Last Monday, the House Appropriations Committee reported out HB 1 the general appropriations bill and SB 500 the supplemental appropriations bill. They are on the House Calendar for Wednesday, March 27, 2019. A “Put and Take” calendar rule was adopted for both bills requiring any amendment that adds or increases an item of appropriation in the bill made from general revenue, a general revenue-dedicated account, or the Economic Stabilization Fund must contain an equal or greater reduction in one or more items of appropriation in the bill. Proposed amendments must be filed with the Chief Clerk’s office by 10:00 a.m. on Sunday, March 24, 2019.

ECONOMIC DEVELOPMENT:

Passed the House:

HB 81 by Terry Canales (D-Edinburg) would make public funds expended by a governmental body for a parade, concert, or other entertainment event open to the general public subject to disclosure under the open records laws. One floor amendment was adopted. It passed by a vote of 142-0.

Reported From Committee (The House International Relations & Economic Development Committee:

HB 1000 by Chris Paddie (R-Marshall) would require the Governor’s Office of Economic Development and Tourism to administer the Rural and Opportunity Fund to make growth investments in targeted small businesses in rural communities and federally-designated opportunity zones. It would allow insurance companies to receive a premium tax credit to offset credit-eligible capital contributions made to the fund up to a maximum fund balance of $35 million. It was voted favorably as substituted from the House International Relations & Economic Development Committee. The companion is SB 826.

HB 1588 by Will Metcalf (R-Conroe) would change the due date for the annual reports to the comptroller for Type 4-A and 4-B economic development corporations from April 1 to February 1. It was voted favorably from the House International Relations & Economic Development Committee.
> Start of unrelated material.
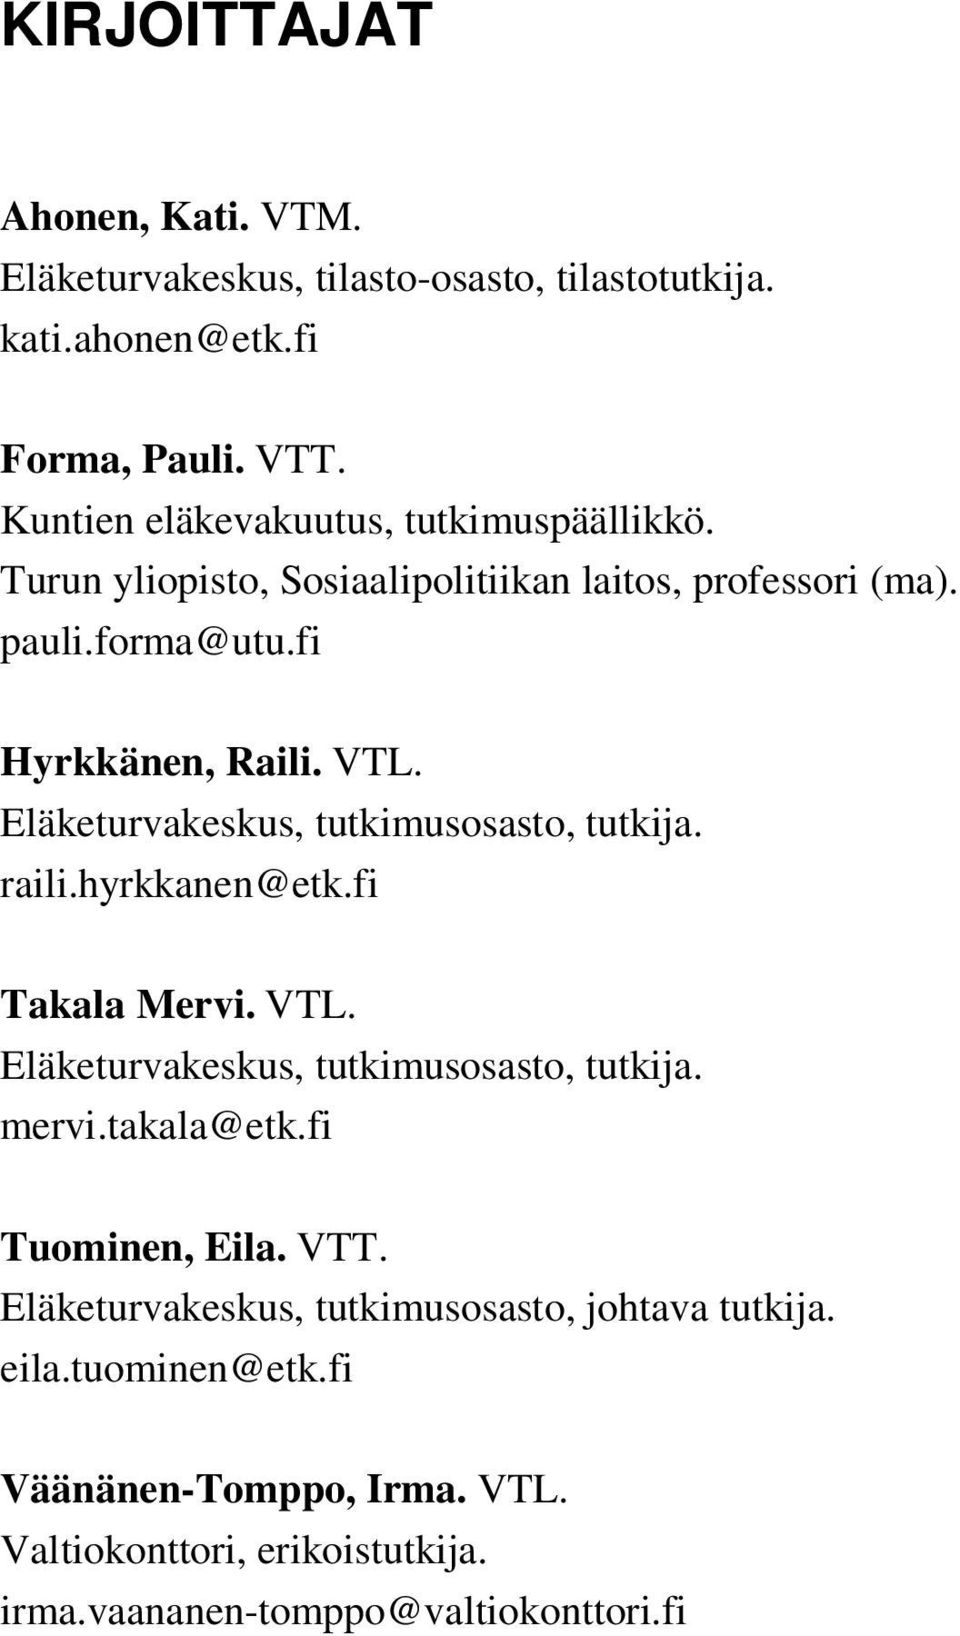 Eläketurvakeskus, tutkimusosasto, tutkija. raili.hyrkkanen@etk.fi Takala Mervi. VTL. Eläketurvakeskus, tutkimusosasto, tutkija. mervi.takala@etk.
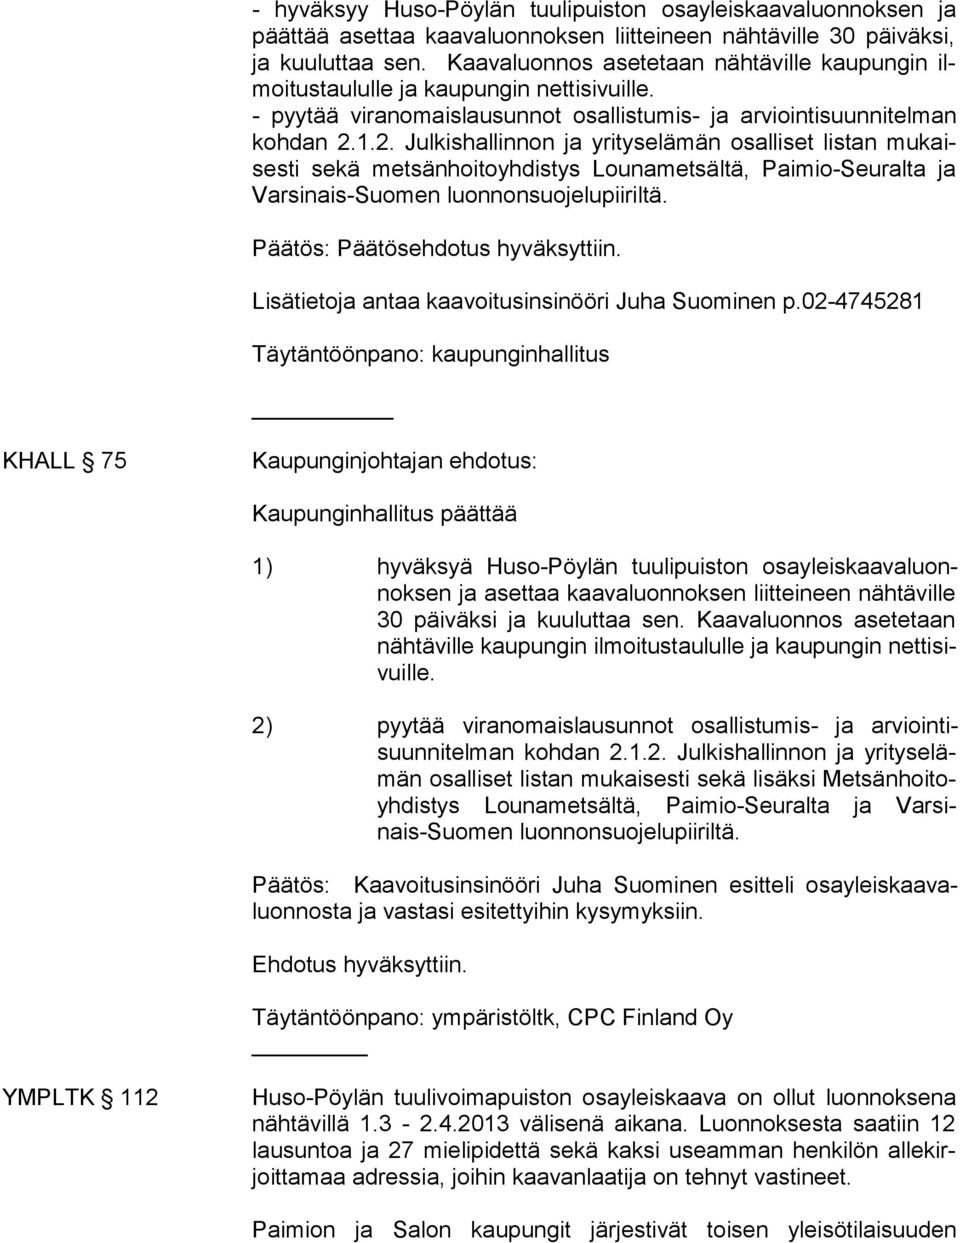 1.2. Julkis hallinnon ja yrityselämän osalliset listan mukaisesti sekä metsänhoi toyhdistys Lounametsältä, Pai mio-seu ralta ja Varsinais-Suomen luonnonsuojelupiiriltä.

The companion is SB 450.

SB 726 by Judith Zaffirini (D-Laredo) would limit a bank’s investments to promote community development to a maximum of 25 percent of the bank’s unimpaired capital and surplus without prior authorization of the banking commissioner. It was reported favorably from the Senate Business & Commerce Committee.

GENERAL BUSINESS:

Passed the Senate:

 SB 476 by Kelly Hancock (R-North Richland Hills) would allow a food service establishment to permit a customer to be accompanied by a dog in an outdoor dining area. Senator Hancock said, “SB 476 would not require restaurants to permit dogs in outdoor dining areas, but provides that food service establishments statewide may do so if they choose. Since bringing this legislation forward, we’ve heard from dog lovers all across Texas who want to let their canine companions tag along more often. I appreciate my colleagues’ support on this legislation that’s simply designed to get over-the-top government regulation out of the way of enjoying time with family or friends on a patio – man’s best friend included.” It passed the Senate by a vote of 30-1.

HIGHER EDUCATION:

Passed the House:

HB 277 by Tom Oliverson (R-Houston) would require electronic common admission applications to include a link to comparative gainful employment data complied by the Texas Higher Education Coordinating Board and the Texas Workforce Commission. It passed the House by a vote of 148-0.

Passed the Senate:

 SB 18 by Joan Huffman (R-Houston) would affirm that it is the policy of the state to protect the expressive constitutional rights of individuals by recognizing freedom of speech and assembly as central to the mission of institutions of higher education; would require public institutions of higher education to ensure that common outdoor areas are deemed to be traditional public forums and permit any individual to engage in expressive activities in those areas freely; and would require institutions of higher education to adopt a policy detailing students’ rights and responsibilities regarding expressive activities. The committee substitute was adopted and it passed the Senate unanimously.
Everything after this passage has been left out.